COMMUNIQUE DE L’INTERSYNDICALE MANPOWER C.F.D.T. - C.F.T.C. - C.F.E. -C.G.C. - C.G.T. et F.O. , suite à la réunion extraordinaire du CCE

Le 13/10/2005

Lors de la réunion du CCE extraordinaire du 12 octobre 2005, à l’unanimité, les élus du CCE ont rejeté le projet de restructuration de Manpower France.

Au cours de cette réunion, les élus ont décidé la nomination d’un expert pour examiner les comptes de l’entreprise.

Suite aux réponses insatisfaisantes de la direction apportées aux questions soulevées par vos représentants, ils ont également voté la poursuite de la procédure d’alerte.

L’expert comptable a 21 jours pour examiner les comptes de la Société et donner son avis.

La prochaine réunion du CCE est prévue le 3 novembre 2005.

Deux réunions d’informations, organisées par l’Intersyndicale au Siège à Bingen et au Touzet, ont permis d’informer les salariés, présents en nombre, exprimant ainsi à la Direction leurs inquiétudes sur leur avenir.

Nous demandons à tous les salariés Manpower d’être vigilants et solidaires.


Commentaires de vos représentants CFTC

Le 12/10/2005

Une décision importante a été prise : vos représentants de l’intersyndicale ne signeront pas d’accord de méthode.

Cet accord de méthode aurait été une reconnaissance implicite par vos représentants de la nécessité de mettre en place un plan social. Cela leur aurait donc rendu juridiquement difficile, voir impossible, de le contester. Or, nous souhaitons travailler sur le volet économique de ce plan, pour en démystifier la nécessité. Dés que la direction a appris que vos représentants ne signeraient pas cet accord, après une matinée charmeuse de sa part, son attitude s’est alors faite tendue, voire menaçante.

Aussi, afin de contrer cette contestation, il semble que :

La direction s’achemine vers une tentative d’approche individuelle des personnes qu’elle souhaite voir partir, avec sans doute l’intention d’en profiter pour contourner vos droits.

Sur ce point, les choses sont très claires :

  • Un plan social n’est pas nominatif, les postes supprimés doivent l’être à travers des familles de qualifications ; la direction n’ayant encore rien conçu en la matière, elle ne peut juridiquement vous viser personnellement à travers un licenciement économique.
  • Par contre, la direction peut vouloir faire pression individuellement sur vous et vous faire signer ainsi un contrat volontaire, qui vous empêcherait de faire valoir vos droits. En ce cas, ayiez le réflexe :
    1. Faites-vous remettre une proposition écrite ;
    2. Prenez un délais de réflexion avant votre décision ;
    3. Informez un représentant syndical ou un élu du personnel, afin qu’il puisse vous conseiller. En particulier, nous pourrons soumettre votre cas à un juriste pour vous guider au mieux dans votre réponse. N’hésitez pas à joindre vos représentants CFTC, dont la liste est publiée sur ce site.

Par exemple, si rien n’empêche la direction de vous proposer un reclassement individuel avec perte de salaire immédiate dans la mesure où vous l’acceptez, elle serait par contre tenue à travers un plan social à certaines règles, telles que le maintient du salaire un certain nombre de mois, puis dégressivité. N’acceptez pas n’importe quel arrangement individuel, vous avez des droits dont vous ne devez pas vous priver. Enfin, n’oubliez pas que même si vous ne vous sentez pas visé par ce plan social, nous sommes persuadés que d’autres suivront, comme semblent en témoigner certains travaux préparatoires concernant les CTA et les agences booster. Restons solidaires entre nous !

Prochaine échéance, le 03/11/2005 une réunion du CCE examinera les conclusions de l’expertise économique demandée par vos élus.

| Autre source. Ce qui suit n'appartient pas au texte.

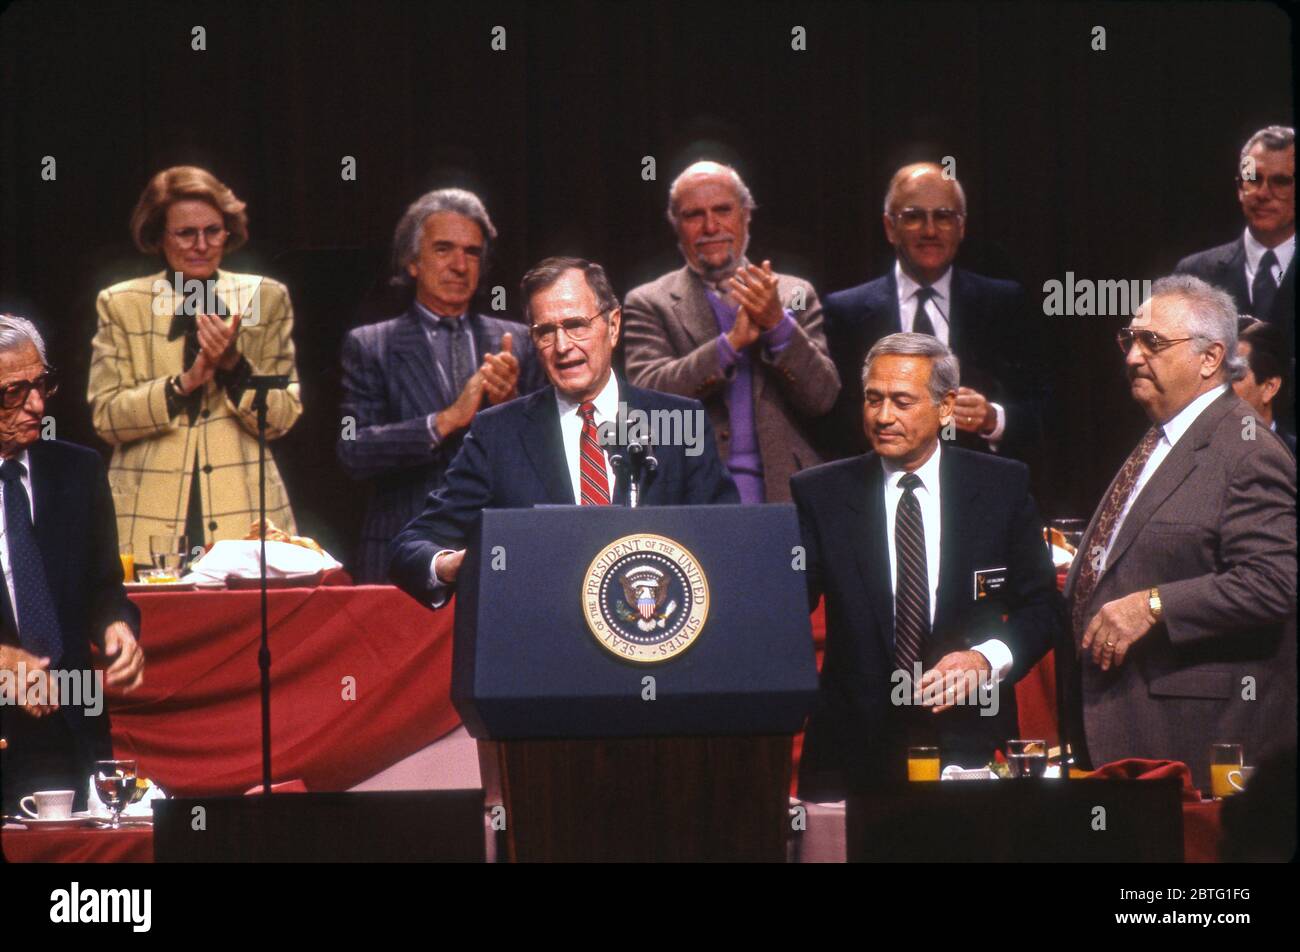 President George Bush addresses members of the Academy of Television Arts and Sciences in Los Angeles, Ca., circa 1990s Stock Photo
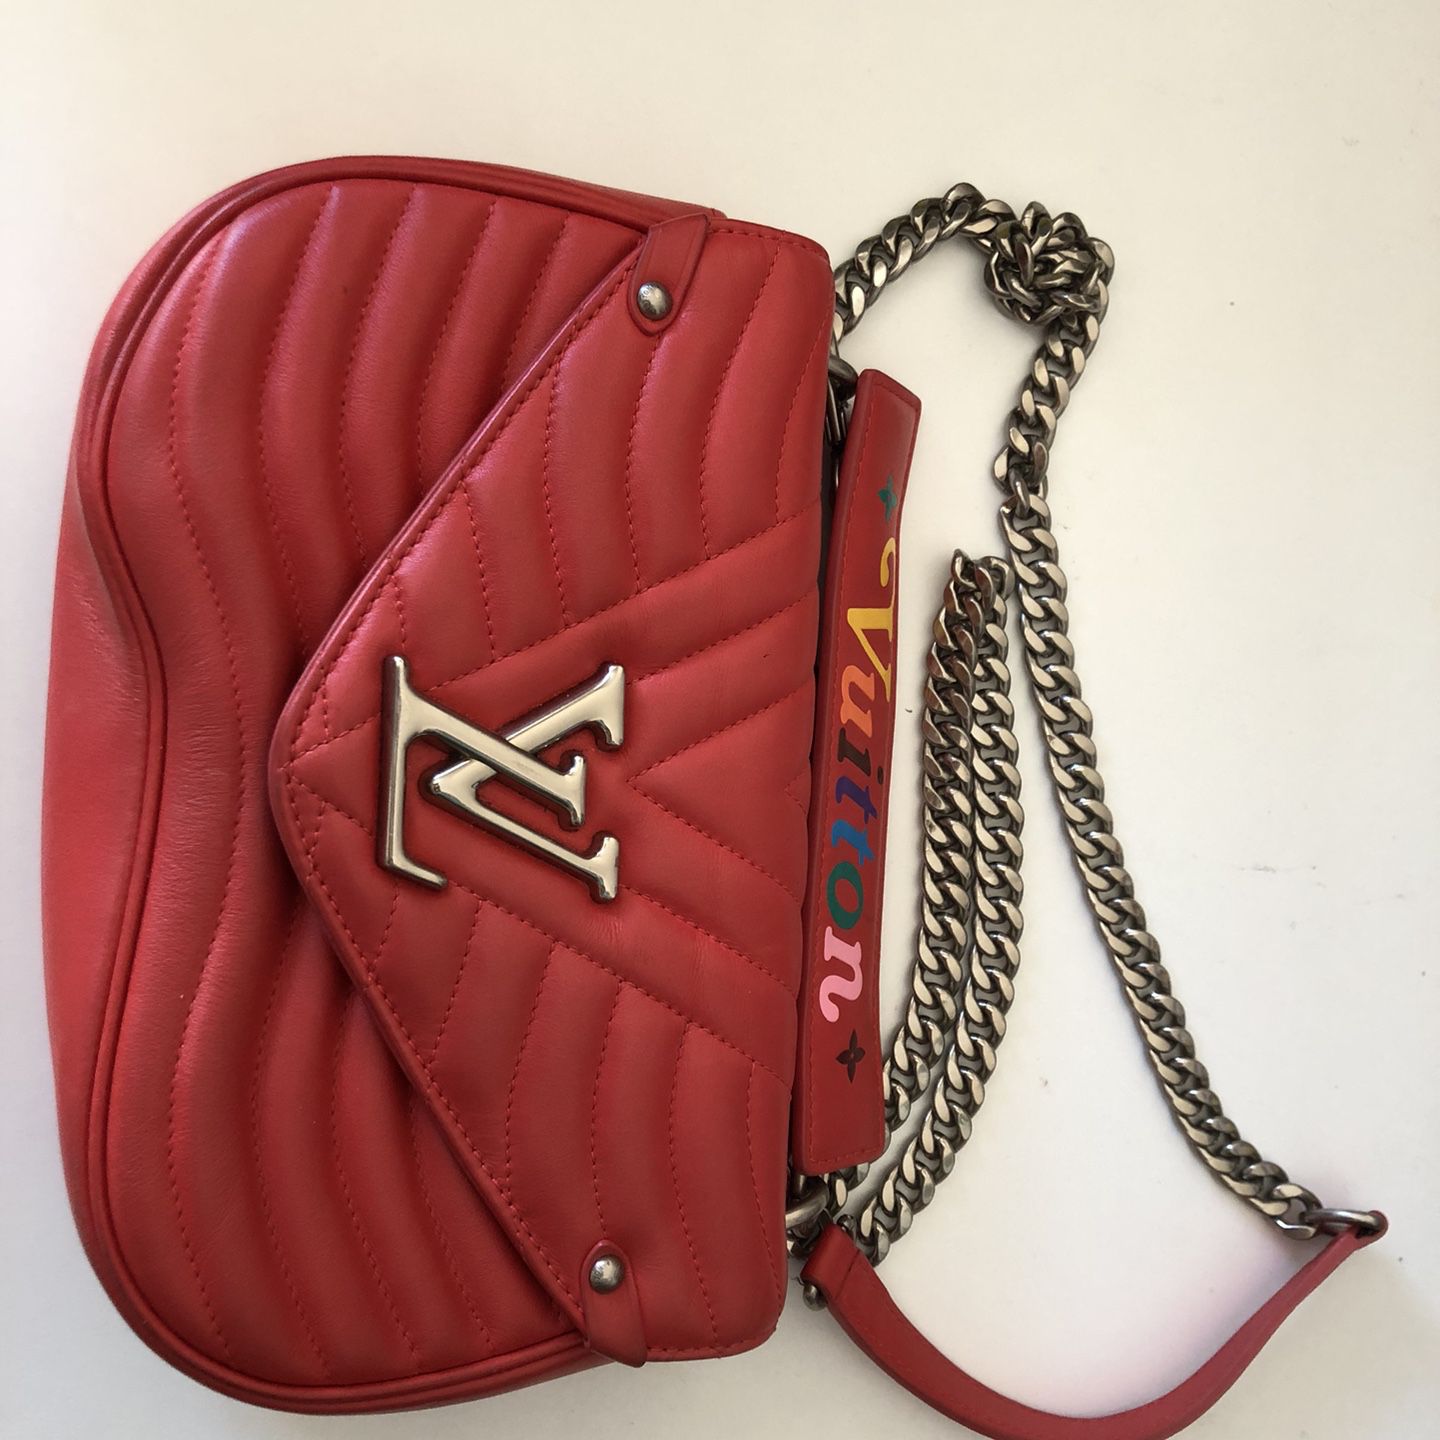 Louis Vuitton Large Bag for Sale in Hollywood, FL - OfferUp

Après une période d’expertise de quelques semaines, les conclusions en seront présentées en CCE :
- Les fondements économiques du plan social qu’avance la direction seront évalués, et le plan social éventuellement rendu caduque ;
- Certaines responsabilités concernant la situation économique de l’entreprise seront aussi éventuellement identifiées, et certaines personnes devront en rendre des comptes le cas échéant.

Nous sommes conscients que l’attente et l’incertitude de l’échéance ou de l’abandon du plan social est et sera pour vous difficile.

Nous prendrons à très brève échéance d’autres dispositions pour vous aider à traverser cette période difficile :

  • vous donner le maximum de visibilité sur les échéances en vue ;
  • vous donner le maximum d’informations sur vos droits ;
  • rester individuellement à votre écoute.